I was watching "Desperate Housewives" yesterday evening. I enjoy the show quite a bit. It's a fun mix of comedy and drama and some of its comedy is dark, which I like.
Anyway, last week a major character was killed, and last night's episode dealt with his funeral and how he impacted the lives of those he touched. It was a sad episode, made more so by the fact that I find his widow such a likable character and hoped she would have a happy ending when the series ends this year (only four episodes left), but it doesn't look like that will be the case.

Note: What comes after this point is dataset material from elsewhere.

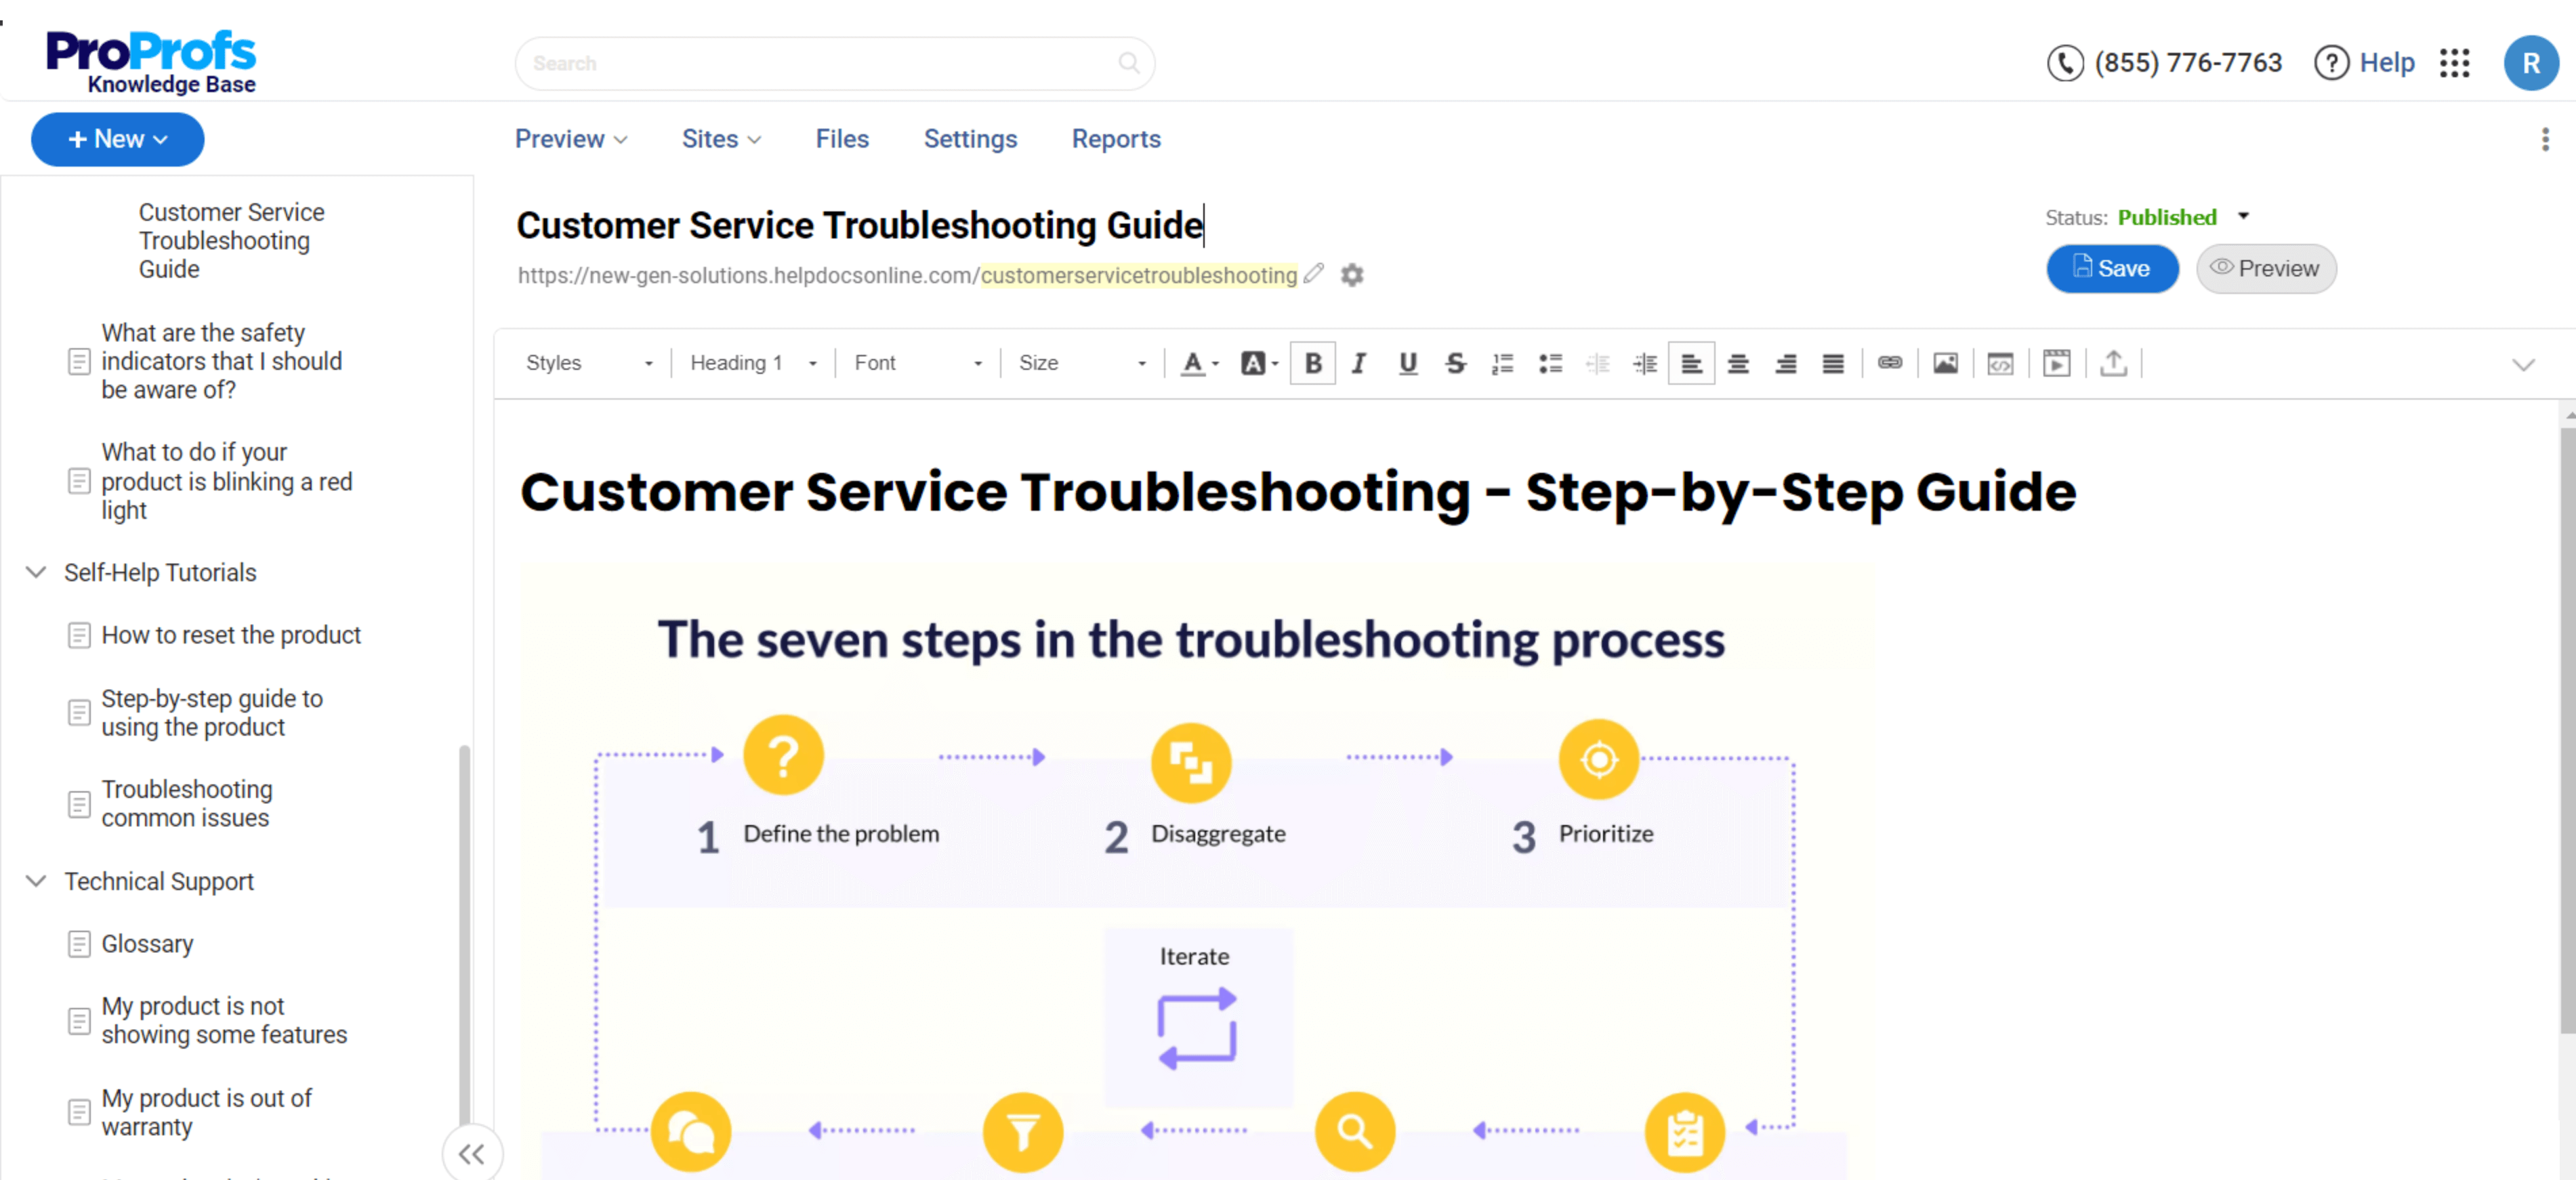 Troubleshooting Guides

As I watched the episode, there was talk about what heaven is, and in a flashback the dead husband said that heaven was being surrounded by those you love doing the things you love to do. I thought about how much I love Jonah, and I pondered on the fact that a heaven without Jonah by my side wouldn't be much of a heaven at all. It seems unfair if it isn't so.
I also thought about how hard it would be to lose Jonah (and I think it would be equally hard for him to lose me - heck, he gets really sad when I leave the state for work). After the episode I told him how much I loved him and how he isn't allowed to die.
But of course, we all die some time. Unless we're in freak accident together, chances are very high that somebody will be left behind. It's hard to imagine life without Jonah - without his love, his influence, his support. It would be like losing a part of myself.
Sometimes when I hear ignorant people demean same-sex relationships, it upsets me. The love I have for my partner is just as strong and valid as any opposite-sex relationship. Jonah is such a important and necessary part of my life. Sure, he gets on my nerves, as any spouse might, but I have a hard time imagining my life without him.
I'm glad a trivial show like "Desperate Housewives" helped remind me how much I love my husband and how much he really means to me. That's something I need to learn to hold on to.